[Opening Data under study section]

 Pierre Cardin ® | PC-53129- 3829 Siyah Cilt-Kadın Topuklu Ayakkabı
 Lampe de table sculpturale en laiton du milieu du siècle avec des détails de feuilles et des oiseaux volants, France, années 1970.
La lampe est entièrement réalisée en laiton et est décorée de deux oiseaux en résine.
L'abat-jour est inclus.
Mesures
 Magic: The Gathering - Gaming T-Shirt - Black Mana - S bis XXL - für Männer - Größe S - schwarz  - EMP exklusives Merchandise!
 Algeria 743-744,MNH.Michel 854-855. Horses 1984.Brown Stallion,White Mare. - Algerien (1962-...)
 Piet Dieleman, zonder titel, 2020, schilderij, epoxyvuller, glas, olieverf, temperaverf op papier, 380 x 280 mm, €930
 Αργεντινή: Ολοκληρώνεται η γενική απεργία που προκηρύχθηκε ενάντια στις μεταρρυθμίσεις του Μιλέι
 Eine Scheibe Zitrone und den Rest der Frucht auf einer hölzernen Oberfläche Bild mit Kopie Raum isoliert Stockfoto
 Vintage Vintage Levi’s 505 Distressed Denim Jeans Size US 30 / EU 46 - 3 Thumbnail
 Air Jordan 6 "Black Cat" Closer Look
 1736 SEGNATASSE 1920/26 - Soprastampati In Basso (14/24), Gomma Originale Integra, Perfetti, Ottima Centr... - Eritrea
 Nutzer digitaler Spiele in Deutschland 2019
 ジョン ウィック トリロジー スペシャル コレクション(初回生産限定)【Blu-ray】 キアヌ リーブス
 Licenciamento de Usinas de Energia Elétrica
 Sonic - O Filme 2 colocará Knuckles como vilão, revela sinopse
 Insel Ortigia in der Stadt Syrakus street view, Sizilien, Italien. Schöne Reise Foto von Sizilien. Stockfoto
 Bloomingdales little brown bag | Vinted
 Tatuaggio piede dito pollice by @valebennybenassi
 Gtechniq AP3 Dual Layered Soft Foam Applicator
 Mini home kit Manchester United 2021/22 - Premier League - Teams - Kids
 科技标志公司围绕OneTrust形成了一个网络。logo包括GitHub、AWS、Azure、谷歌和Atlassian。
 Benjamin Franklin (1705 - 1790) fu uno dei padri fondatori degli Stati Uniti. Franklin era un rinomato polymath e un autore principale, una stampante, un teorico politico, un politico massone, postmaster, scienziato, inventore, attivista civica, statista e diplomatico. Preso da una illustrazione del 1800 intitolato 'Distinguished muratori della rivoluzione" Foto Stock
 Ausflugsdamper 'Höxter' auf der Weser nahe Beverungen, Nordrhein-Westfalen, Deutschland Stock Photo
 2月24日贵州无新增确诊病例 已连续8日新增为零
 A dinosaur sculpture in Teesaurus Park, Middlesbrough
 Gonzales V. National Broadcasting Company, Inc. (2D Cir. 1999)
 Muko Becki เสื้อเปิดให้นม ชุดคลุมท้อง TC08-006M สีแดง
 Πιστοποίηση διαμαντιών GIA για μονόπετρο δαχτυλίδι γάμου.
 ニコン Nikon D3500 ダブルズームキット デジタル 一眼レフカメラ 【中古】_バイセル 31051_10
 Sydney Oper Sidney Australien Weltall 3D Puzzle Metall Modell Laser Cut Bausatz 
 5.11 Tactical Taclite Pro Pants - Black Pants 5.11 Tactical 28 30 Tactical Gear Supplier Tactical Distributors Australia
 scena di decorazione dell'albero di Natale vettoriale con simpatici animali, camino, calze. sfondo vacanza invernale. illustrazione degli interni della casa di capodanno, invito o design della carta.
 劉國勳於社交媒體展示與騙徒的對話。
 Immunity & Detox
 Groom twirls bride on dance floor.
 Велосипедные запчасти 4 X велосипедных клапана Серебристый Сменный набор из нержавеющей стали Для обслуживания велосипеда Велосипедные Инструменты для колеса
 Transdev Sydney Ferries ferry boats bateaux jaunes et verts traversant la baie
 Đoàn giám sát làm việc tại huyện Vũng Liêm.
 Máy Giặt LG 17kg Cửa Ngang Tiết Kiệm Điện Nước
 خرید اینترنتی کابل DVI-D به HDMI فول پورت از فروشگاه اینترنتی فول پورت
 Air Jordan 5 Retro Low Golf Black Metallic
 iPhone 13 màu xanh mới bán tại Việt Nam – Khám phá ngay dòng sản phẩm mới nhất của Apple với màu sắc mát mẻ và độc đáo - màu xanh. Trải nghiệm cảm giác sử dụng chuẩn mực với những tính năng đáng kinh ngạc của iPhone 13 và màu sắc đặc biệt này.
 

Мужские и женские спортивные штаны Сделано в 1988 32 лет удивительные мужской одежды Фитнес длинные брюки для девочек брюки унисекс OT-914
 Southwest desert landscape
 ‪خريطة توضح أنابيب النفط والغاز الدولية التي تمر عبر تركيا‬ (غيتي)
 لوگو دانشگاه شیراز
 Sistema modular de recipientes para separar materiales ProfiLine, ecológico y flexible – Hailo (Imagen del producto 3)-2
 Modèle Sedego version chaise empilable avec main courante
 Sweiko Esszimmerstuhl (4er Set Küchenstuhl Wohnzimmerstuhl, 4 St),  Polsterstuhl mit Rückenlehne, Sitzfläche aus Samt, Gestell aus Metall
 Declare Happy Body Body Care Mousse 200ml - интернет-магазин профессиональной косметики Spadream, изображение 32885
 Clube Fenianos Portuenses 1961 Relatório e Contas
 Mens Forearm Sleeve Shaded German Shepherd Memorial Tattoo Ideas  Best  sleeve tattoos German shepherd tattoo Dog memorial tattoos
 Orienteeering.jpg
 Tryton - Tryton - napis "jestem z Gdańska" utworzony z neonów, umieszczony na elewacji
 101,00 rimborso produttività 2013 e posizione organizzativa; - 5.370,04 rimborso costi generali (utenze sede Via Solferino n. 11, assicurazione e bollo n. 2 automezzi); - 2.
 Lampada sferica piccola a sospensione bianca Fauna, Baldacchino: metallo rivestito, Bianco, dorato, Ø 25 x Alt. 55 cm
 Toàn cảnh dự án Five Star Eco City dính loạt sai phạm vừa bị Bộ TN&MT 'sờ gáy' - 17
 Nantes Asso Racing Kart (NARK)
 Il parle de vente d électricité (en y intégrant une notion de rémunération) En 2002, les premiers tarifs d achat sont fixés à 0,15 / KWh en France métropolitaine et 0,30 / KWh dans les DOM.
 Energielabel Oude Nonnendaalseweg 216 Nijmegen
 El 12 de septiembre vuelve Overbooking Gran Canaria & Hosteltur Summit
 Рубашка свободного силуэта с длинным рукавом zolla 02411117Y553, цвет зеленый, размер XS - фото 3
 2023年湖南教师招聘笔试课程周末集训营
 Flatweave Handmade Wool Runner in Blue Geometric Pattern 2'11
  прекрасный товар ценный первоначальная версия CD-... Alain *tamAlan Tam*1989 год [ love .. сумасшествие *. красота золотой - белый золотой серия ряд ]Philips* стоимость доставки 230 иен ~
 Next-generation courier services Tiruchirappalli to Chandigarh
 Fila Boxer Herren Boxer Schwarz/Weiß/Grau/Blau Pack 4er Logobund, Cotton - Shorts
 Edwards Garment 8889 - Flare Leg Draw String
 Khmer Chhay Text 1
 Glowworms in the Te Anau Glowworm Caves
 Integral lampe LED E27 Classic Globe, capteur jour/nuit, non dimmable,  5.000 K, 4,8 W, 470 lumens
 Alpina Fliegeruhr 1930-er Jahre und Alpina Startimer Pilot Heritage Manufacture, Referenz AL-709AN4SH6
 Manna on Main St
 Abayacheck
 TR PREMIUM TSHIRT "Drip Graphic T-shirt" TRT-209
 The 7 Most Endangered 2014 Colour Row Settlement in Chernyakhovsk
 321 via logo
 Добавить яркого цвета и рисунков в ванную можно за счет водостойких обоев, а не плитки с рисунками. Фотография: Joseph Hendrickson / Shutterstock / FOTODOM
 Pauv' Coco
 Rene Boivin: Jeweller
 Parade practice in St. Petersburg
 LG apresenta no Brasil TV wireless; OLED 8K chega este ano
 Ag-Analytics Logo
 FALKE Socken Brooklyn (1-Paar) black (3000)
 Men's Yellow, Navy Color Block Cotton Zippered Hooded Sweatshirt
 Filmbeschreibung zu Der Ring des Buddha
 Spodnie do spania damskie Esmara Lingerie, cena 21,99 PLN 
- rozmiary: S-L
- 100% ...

[Closing Data under study section]

• Assigned task:
Copy exactly the lines from the top of the entries through the line with "Αργεντινή: Ολοκληρώνεται η" in it, please, keeping both ends and adding nothing.

• Written response:
 Pierre Cardin ® | PC-53129- 3829 Siyah Cilt-Kadın Topuklu Ayakkabı
 Lampe de table sculpturale en laiton du milieu du siècle avec des détails de feuilles et des oiseaux volants, France, années 1970.
La lampe est entièrement réalisée en laiton et est décorée de deux oiseaux en résine.
L'abat-jour est inclus.
Mesures
 Magic: The Gathering - Gaming T-Shirt - Black Mana - S bis XXL - für Männer - Größe S - schwarz  - EMP exklusives Merchandise!
 Algeria 743-744,MNH.Michel 854-855. Horses 1984.Brown Stallion,White Mare. - Algerien (1962-...)
 Piet Dieleman, zonder titel, 2020, schilderij, epoxyvuller, glas, olieverf, temperaverf op papier, 380 x 280 mm, €930
 Αργεντινή: Ολοκληρώνεται η γενική απεργία που προκηρύχθηκε ενάντια στις μεταρρυθμίσεις του Μιλέι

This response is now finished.